В своем непоколебимом стремлении найти себя, объяснить и подняться выше через самопознание («De se perfectionner dans l’art de connaitre et d’lmouvoir Г horn me») этот девятнадцатилетний юноша уже представляет себе в будущем контроль над собой, в лице более позднего и более умного «я», «Henri plus mlfiant», более позднего и холодного Стендаля, которому он предложит эти «Mlmoires pour servir a l’histoire de ma vie», словно этот полумальчик знает в самом деле, что в дальнейшем взрослый мужчина будет страстно искать материалов для цельного самоизображения.
Здесь налицо одно из наиболее таинственных проявлений стендалевского гения — та совершеннейшая самоподготовка для целей своего «я», которая задолго, в полном неведении формы и без отчетливого представления о целях, начинает с абсолютно целесообразнейшего, а именно с фиксации отдельных душевных переживаний, с собирания самых ценных, самых естественных впечатлений в качестве первичного материала. Он держится крепко, удерживая все, что ему попадается в руки, отмечая все эти «petits faits vrais», эти мелочи и песчинки, по которым позднее он, искушенный опытом, отмерит в своих песочных часах ход своей жизни. Только отмечать хотя бы, только удерживать эти малые впечатления, пока они горячи, пока они беспокойно бьются в руке, как сердце пойманной птички. Только бы не дать им упорхнуть, все хватать и задерживать, ничего не доверяя памяти, этому ненадежному потоку, который в своем течении все смывает и уносит. Не бояться складывать во вместительный ящик пустяки, детские игрушки чувства, всякий хлам; кто знает, может быть, став взрослым, склонишься охотнее всего над курьезом и незамысловатостями своего отзвучавшего сердца.
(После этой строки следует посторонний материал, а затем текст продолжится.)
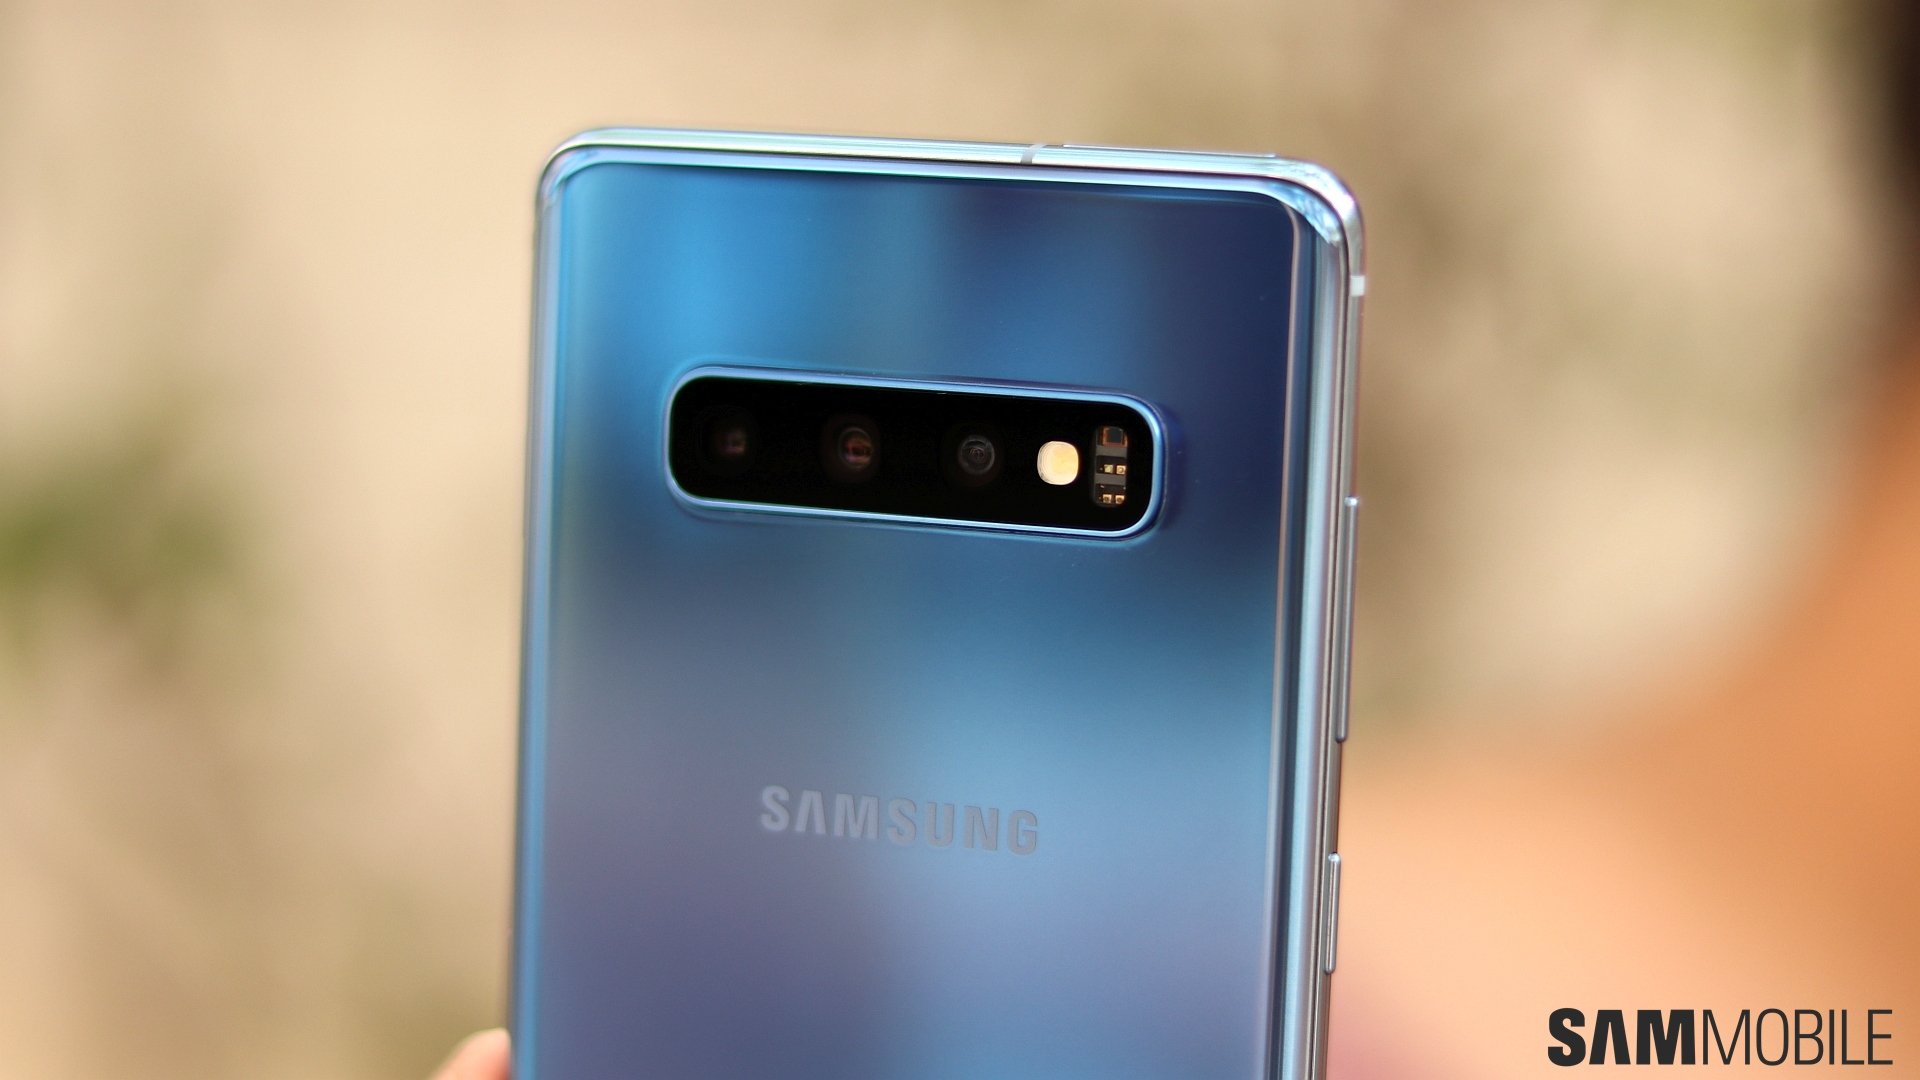 Samsung New Models 2019 Price In Pakistan

Гениальный инстинкт побуждает юношу заботливо собирать и хранить эти незначительные вспышки чувства; зрелый муж, опытный психолог, художникмастер с чувством благодарности и со знанием дела приведет их в порядок для величественной картины своей юношеской истории, для своего жизнеописания, которое он назовет «Анри Брюлар», для этого чудесного взгляда в свое детство.
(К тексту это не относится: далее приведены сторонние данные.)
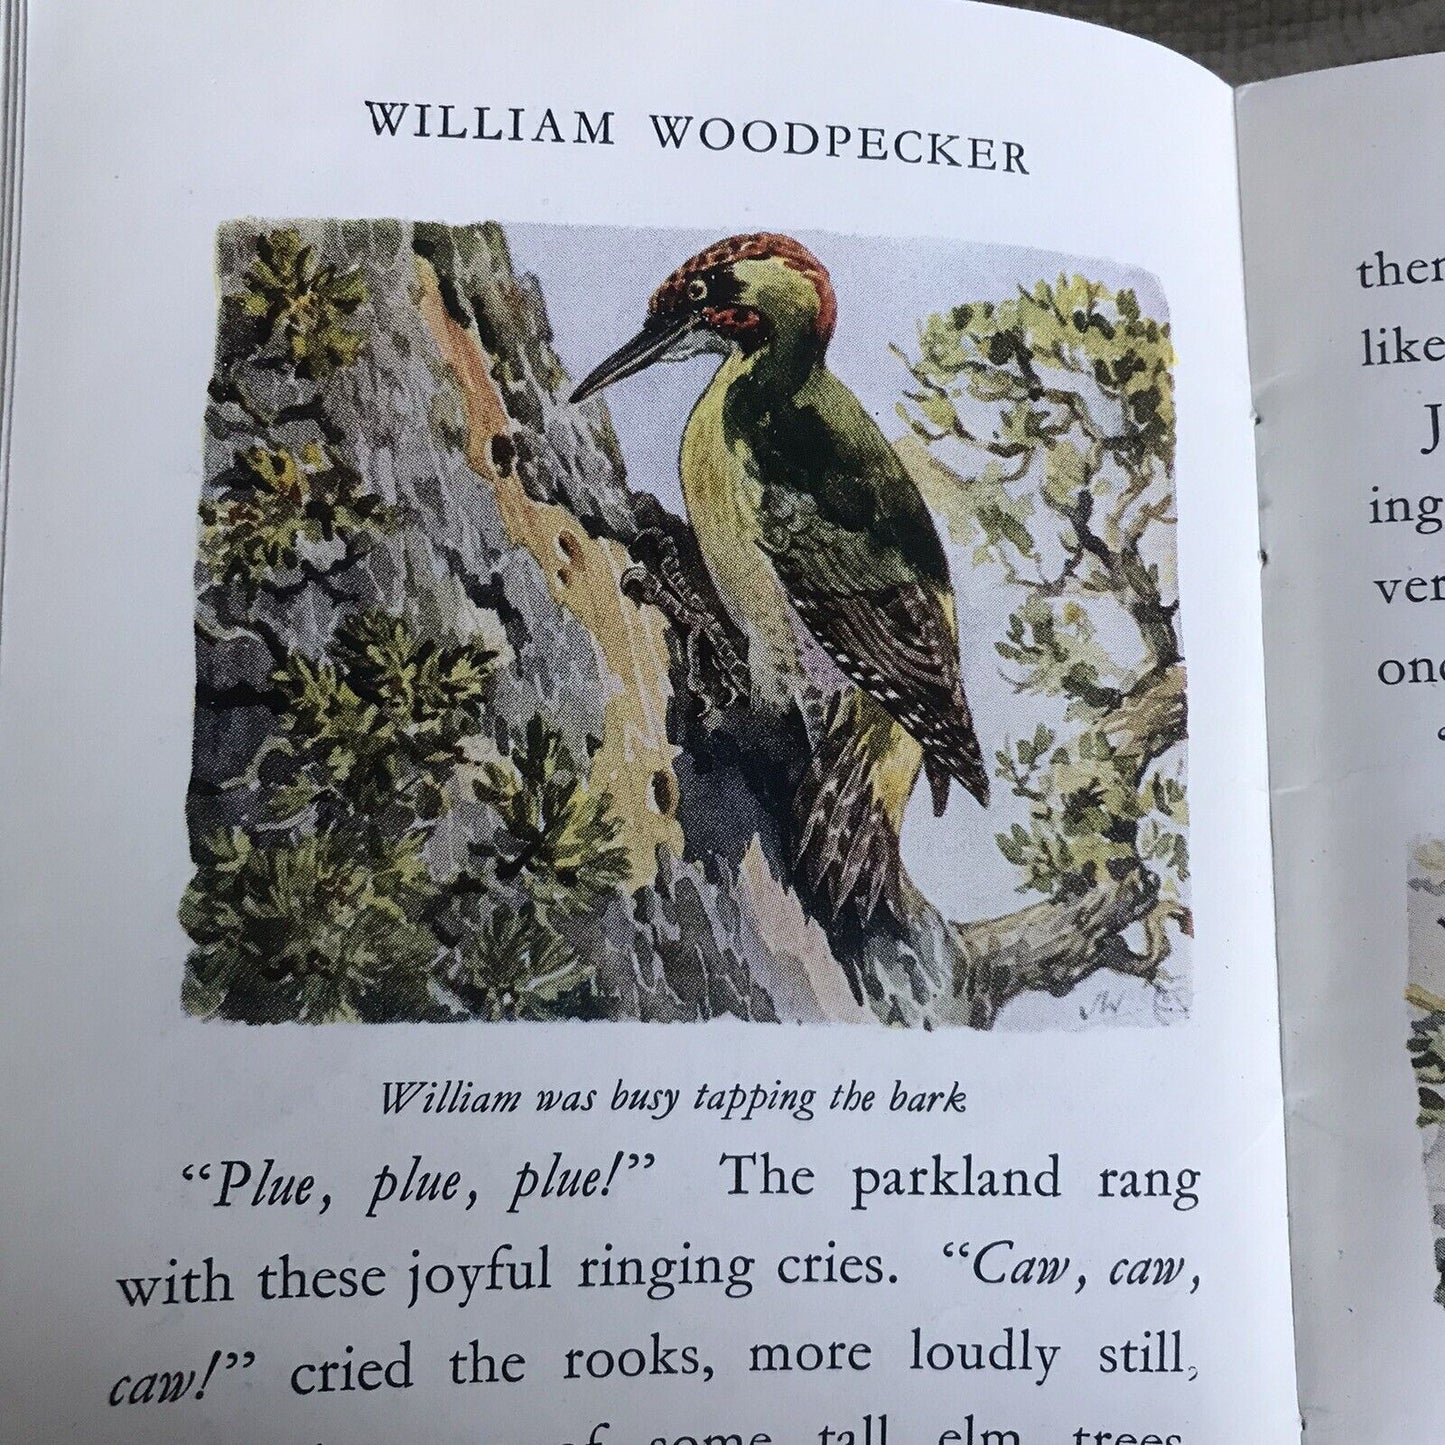 1950 Tales Of The Wild Folk: William Woodpecker - Cecily M. Rutley (Joan Wanklyn Honeyburn Books (UK)

Ибо лишь очень поздно, так же, как и к своим романам, приступает Стендаль к духовному воссозданию своей юности в осознанном автобиографическом произведении, поздно и в торжественный миг меланхолического расставания с прошлым. На ступенях Св. Петра в Риме сидит пожилой человек и раздумывает о своей жизни. Еще два-три месяца, и ему исполнится пятьдесят; ушла, навсегда ушла молодость, а с нею женщины и любовь. Пора, кажется, задать вопрос: «Чем же был я? Что представлял я собой?» Миновало время, когда сердце напрягалось, чтобы быть готовым и сильным для порыва и приключения; возраст требует подведения итогов, оглядки назад на самого себя, а не устремления в неизвестность. И вечером, только что вернувшись с раута у посланника, где было так скучно (скучно, потому что больше не одерживаешь побед над женщинами и устаешь от бессвязной беседы), он решает внезапно: «Нужно описать свою жизнь. И когда это будет сделано, я через два или три года буду, может быть, знать, каков же я был: веселый или меланхолик, остроумный или тупица, мужественный или трусливый — и, прежде всего, счастливый или несчастный». И стареющий Стендаль решает осуществить чаяния мальчика, дать цельное описание своей жизни — совершенное самопознание через совершенное самоизображение.
Легко сказать, но трудно выполнить! Ибо Стендаль решил быть в этом «Анри Брюларе» (где он пользуется шифром, чтобы укрыться от всяческого любопытства) «попросту правдивым»; но как трудна — он знает это — эта правдивость, эта неуклонная правда в отношении себя самого, это шныряние между многочисленными капканами тщеславия при такой расплывчатой, такой своевольной памяти! Как найти себя в сумрачном лабиринте минувшего, как различить свет от блуждающих огней, как увернуться от лжи, назойливо поджидающей, в обличье истины, за каждым поворотом дороги? И Стендаль, психолог, находит — впервые и, может быть, единственный из всех — гениальный способ не попасть в руки чрезмерно услужливого фальшивомонетчика — воспоминаний и избежать неправдоподобия, а именно: писать, не откладывая перо в сторону, не перечитывать, не передумывать, полагаться на первый набросок, как на правильный, «чтобы не лгать из тщеславия».